‘How many years of gardening to get it to that level of lovely?’

When you come across a lush, thriving native lawn in a neighborhood full of grass upon grass, you can’t help but snap a few photos. 

A Redditor shared 12 pictures of their sister’s neighbor’s biodiverse, carefully planned garden — which stands in stark contrast to the flowerless lawns in the background — in the r/NativePlantGardening subreddit, and many commenters were green with envy.

The “incredible” yard — as the OP described it in the caption — had at least seven different types of gorgeous plants, including butterfly weed (a type of milkweed), larkspur, yarrow, cornflowers, blanket flowers, and what one commenter thought was purple salvia. 

Photo Credit: Reddit
"This is amazing!"
Photo Credit: Reddit

In the photos, it’s clear the homeowner put a lot of time and effort into creating their personal patch of paradise. 
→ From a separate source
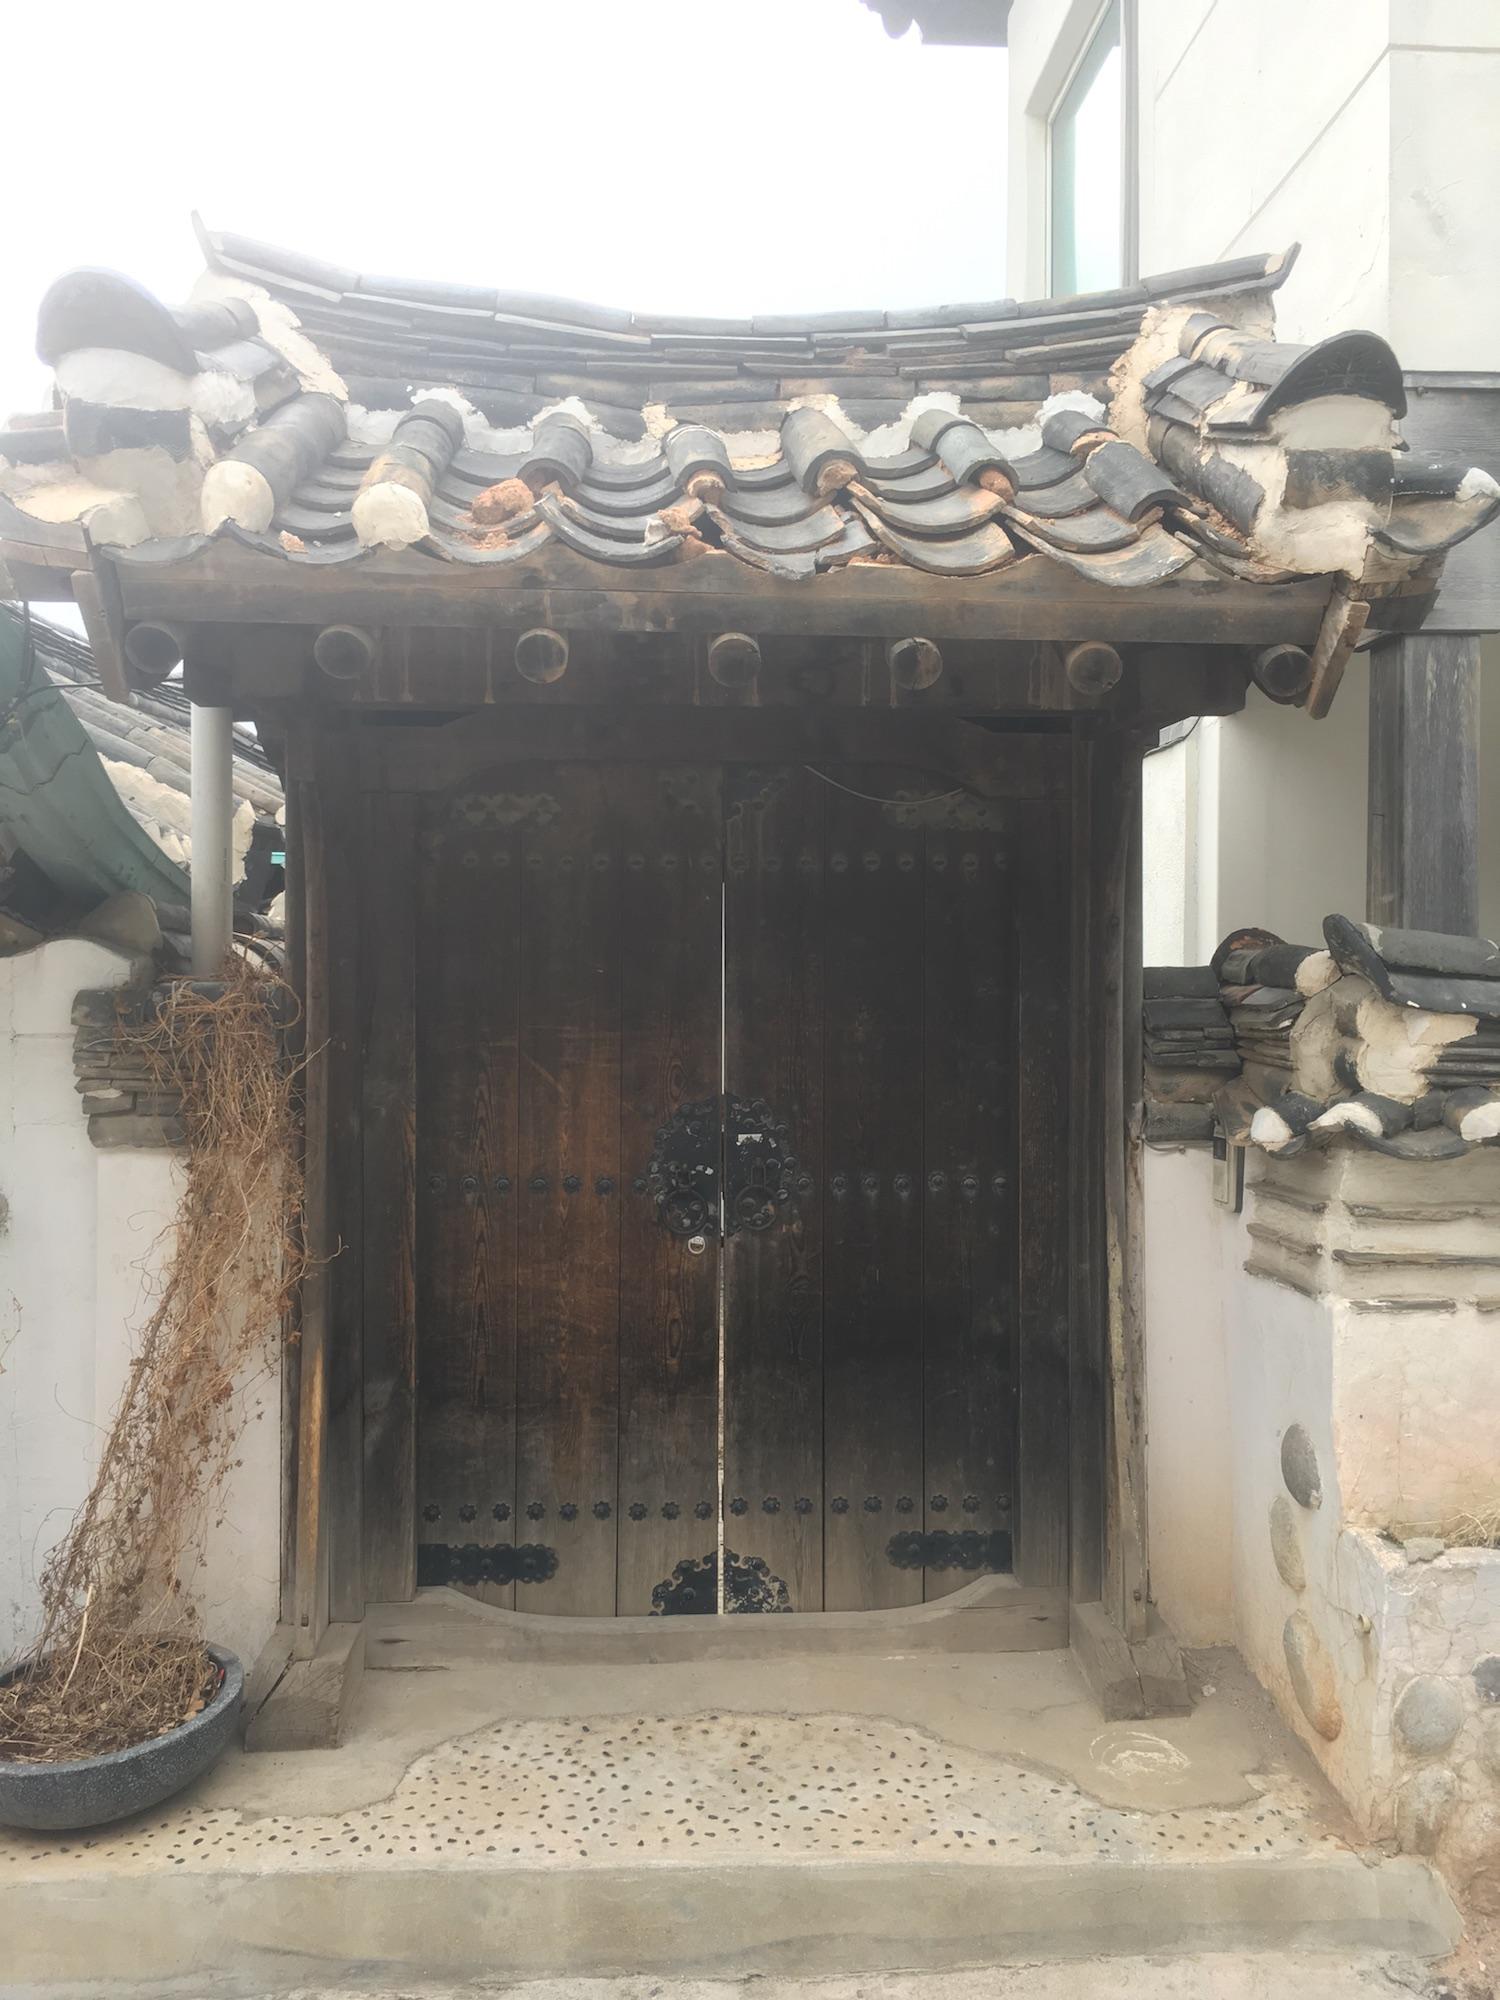 Door in Bukchon Hanok Village, over 600 years old

They put several species close together to provide shade for the soil and reduce weeds, and the plant diversity ensures pollinators will have plenty of food. The bee in several of the photos seems to approve!

Rewilding your yard like this can benefit you and the planet in surprising ways. For one, you can save tons of time and money on lawn maintenance and water bills by planting natives since they have adapted to the local environment over thousands of years and require much less water and fertilizer to survive. 

You’ll also attract friendly pollinators like bees and butterflies to your yard with native plants since biodiverse gardens provide more nectar and pollen. 

Low-maintenance, drought-resistant options include buffalo grass, clover, and xeriscaping — even replacing part of your yard with natives can reduce your water usage and pollution footprint.  

While some commenters noted that not all of the plants in the photos were native, experts say that certain non-native species can also benefit an ecosystem as long as they’re not invasive.

“I have envy. I lack the full sun and too many deer to ever get this. Been trying for years. So frustrating but this is amazing,” one commenter said.

“This is amazing! Tell your Sis thanks from the pollinators, and all of us native gardeners!” another complimented. 

“How many years of gardening to get it to that level of lovely? [I] am assuming it was a lawn before,” another inquired.